Cell culture based and biochemical assays (targeting the viral enzymes reverse transcriptase (RT), protease, and integrase) are presented for HIV. The detection of specific mutations conveying drug resistance against AZT, ddC, ddl, d4T, 3TC and others can be facilitated by a reverse hybridisation assay (line probe assay; LiPA), whereby polymerase chain reaction (PCR) amplicons of the HIV RT gene are hybridised against a panel of specific immobilised oligonucleotide probes. This assay, which is described in full, gives very good results for recognising known mutations, but is limited in its power to recognise mutations in general. Because HIV genes are highly diverse, laboratories have started to sequence the amplicons of RT and protease genes of clinical isolates to obtain all mutations of the genes that might be important for the development of drug resistance. Large numbers of mutations associated with drug resistance, which are not detectable by LiPA, have been identified in this way. The sequencing procedure is of particular relevance for the evaluation of HIV protease gene mutations. Unfortunately, a precise procedure to carry out these increasingly important tests, in a manner that can be adapted to specially equipped routine laboratories, have only been alluded to and not described in detail.

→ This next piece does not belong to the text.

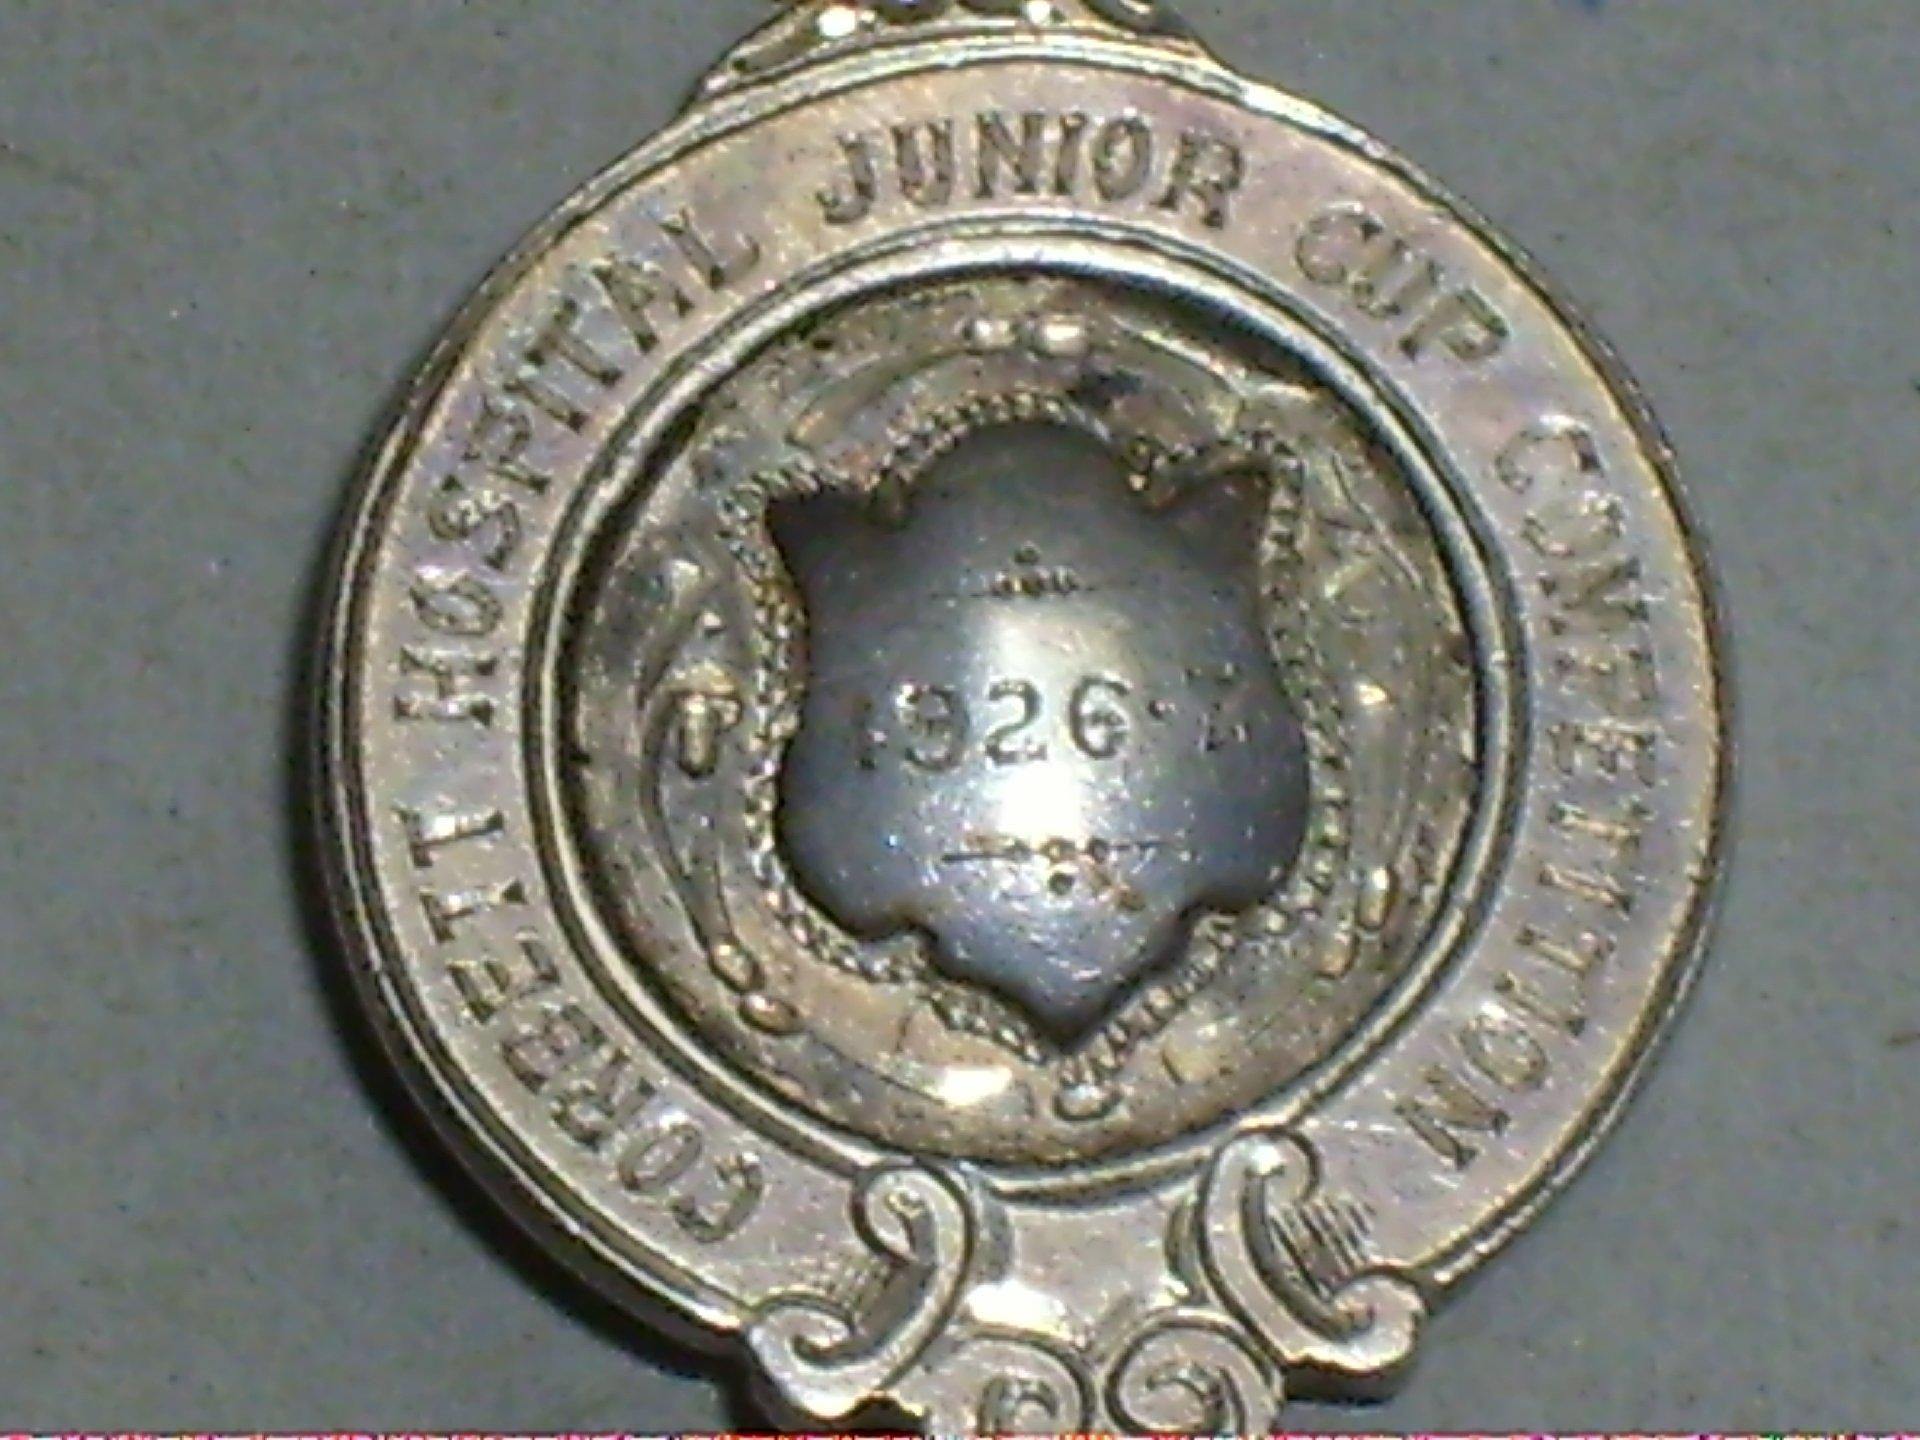 2007 001 030

Although papillomaviruses (HPV) are important human pathogens and their replication inhibition is of great potential preventative value, the tests described for assaying for DNA binding and helicase activities of the E1 protein of HPV are not put in a firm context of testing for antivirals, and their clinical importance is not made clear. Similarly, the methods described to characterise influenza viruses, which are mutant in their sensitivity to neuraminidase inhibitors (for example, 4-guanidino-neu5ac2en), are not put into a strong clinical context. The principle and potential of so called antisense oligonucleotides as possible antiviral therapeutics is only mentioned briefly, but no tests to evaluate them are identified.
Overall, I found the methods described well and in detail, but the introductory paragraphs of chapters were short on background information. In contrast, the annotations of individual authors about possible pitfalls and problems of methods, as well as ways to overcome them, are very helpful. More examples on clinical applications for which, after all, these methods are important would have been beneficial. Most references are up to date up to about 1996. Given the increasing importance of antiviral testing in clinical settings this book is timely in addressing the topic.